- IATA: KKS; ICAO: OIFK;

Summary
- Airport type: Public/Military
- Owner: Islamic Revolutionary Guard Corps
- Operator: Islamic Revolutionary Guard Corps Iran Airports Company
- Serves: Kashan, Isfahan
- Location: Kashan, Iran
- Elevation AMSL: 3,465 ft / 1,056 m
- Coordinates: 33°53′43.20″N 051°34′37.36″E﻿ / ﻿33.8953333°N 51.5770444°E
- Website: kashanairport.ir

Map
- KKS Location of airport in Iran

Runways
| Direction | Length |  | Surface |
| ft | m |
| 11/29 | 11,342 | 3,457 | Asphalt |

= Kashan Airport =

Airport in Iran

Kashan Airport (فرودگاه کاشان) is one of the oldest airports in Iran, which became operational in 1954. The airport is 12 kilometers southeast of the city of Kashan, between the two main and transit roads, Kashan–Isfahan and Kashan–Yazd, as well as near the Tehran – Bandar Abbas railway line to the south of the pass.

==History==
In 1973 the decision was taken to build the airport in the city of Kashan.
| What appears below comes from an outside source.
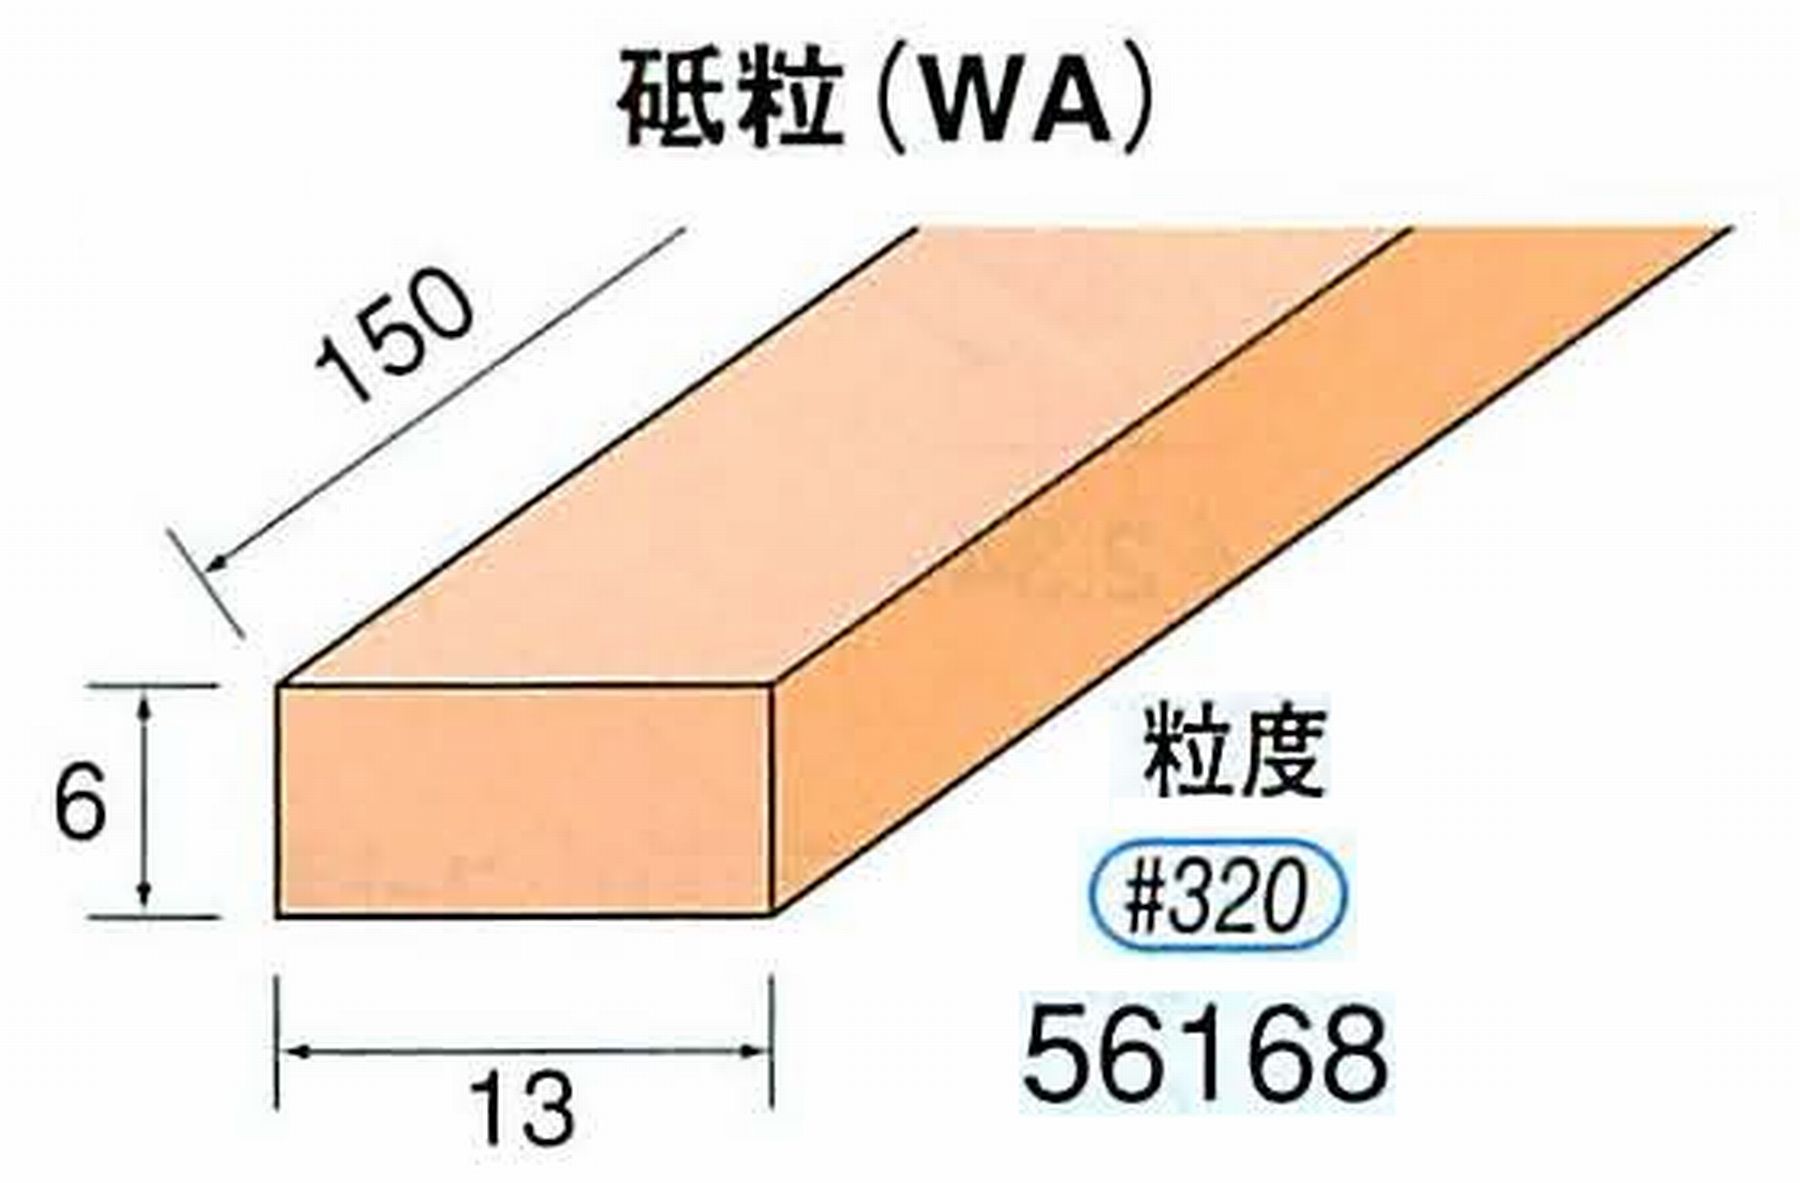 ナカニシ/NAKANISHI スティック砥石 スタンダードシリーズ 砥粒(WA) 56168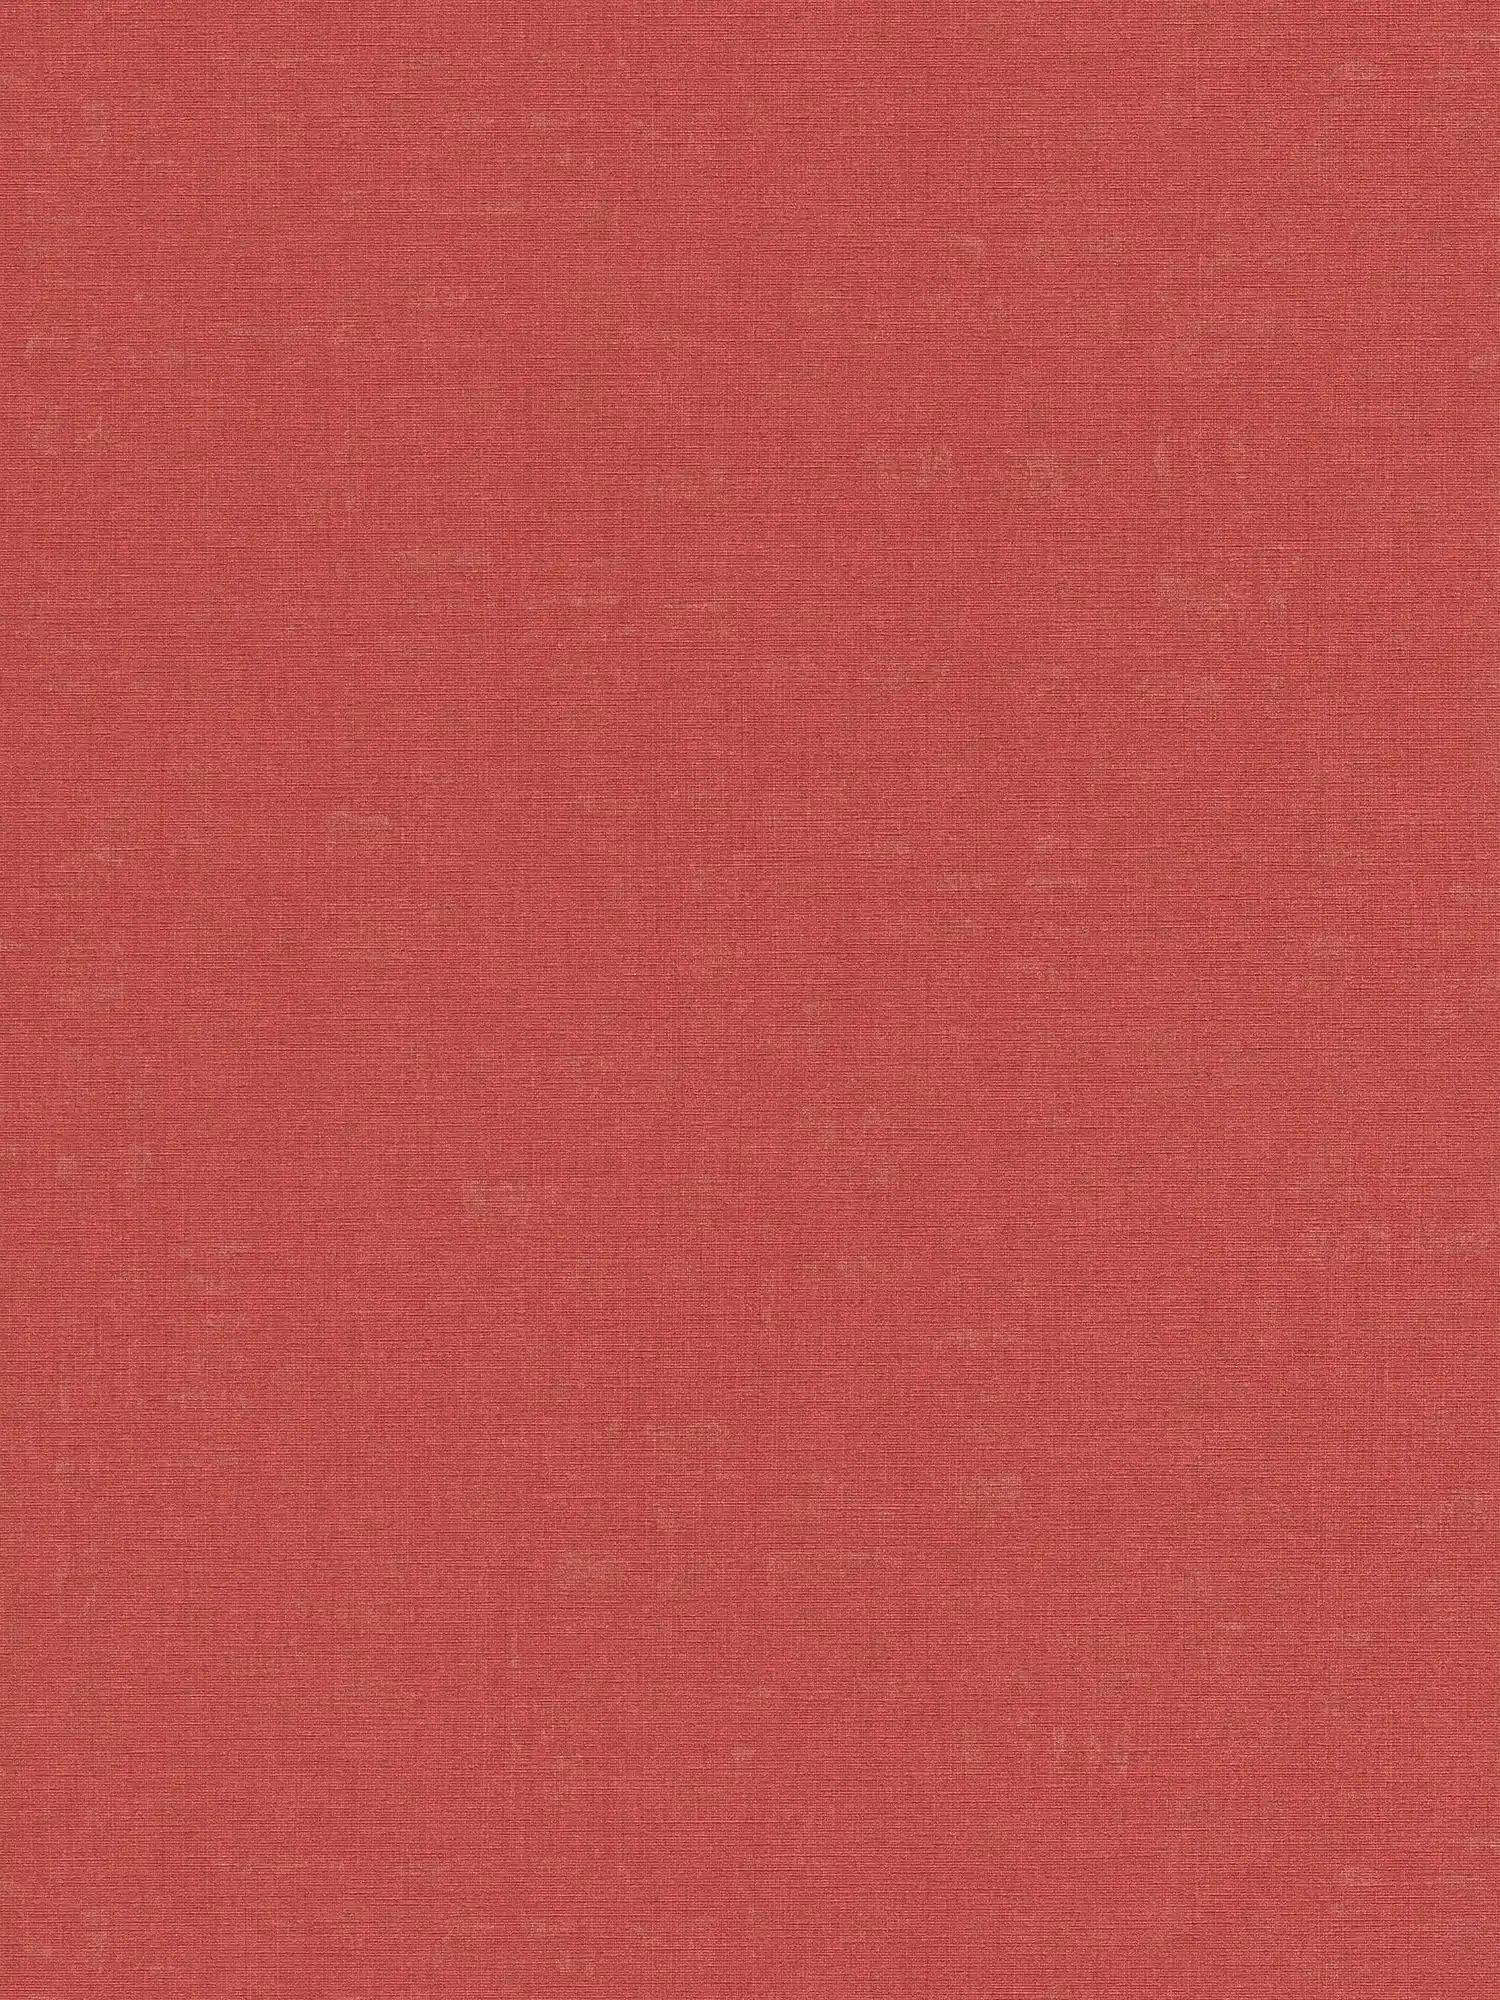 Papel pintado rojo liso y moteado con estructura en relieve

For this purpose, a land area of about 800 hectares in the southeast of Kashan was selected. The actions in a short time to build a 2700-meter and 45 meter band and a few aircraft taxi and parking aircraft capable of heavy-duty park and a pavilion building, the led. On 13 June 1954 the President sitting in a Fokker 28, carrying the time the airport was open and operating effectively. Kashan municipalities continue and complete the construction of the airport and construction of a passenger terminal building with an area of 800 square meters and the infrastructure required to accomplish that, according to the Corps Aerospace Force, Iranian Revolutionary Guards airport was Kashan delivery.

In 1973, flight and landing permits were issued for Kashan airport. This license is for domestic flights and days. Prepare and equip the airport to fly by the city of Kashan Kashan performed under the supervision of the Civil Aviation Authority has ended.

On 4 September 1974, Tehran test flight was conducted in Kashan and vice versa by the airline Air dynamic aircraft Antonov 74 aircraft it was. The flight and airport proximity in order to control inputs and outputs of projects carried airport. During the flight for 1.5 hours. Reports received from the flight, was confirmed as positive.

The airport reopened on 2 June 2016 after twenty years hiatus with flight from Mashhad International Airport by ATA Airlines. The airport now has flights to Kish Island in south of Iran.
Iran Air, The national flag carrier of Iran, plans Shiraz and Mashhad launch in 2018 from Kashan Airport.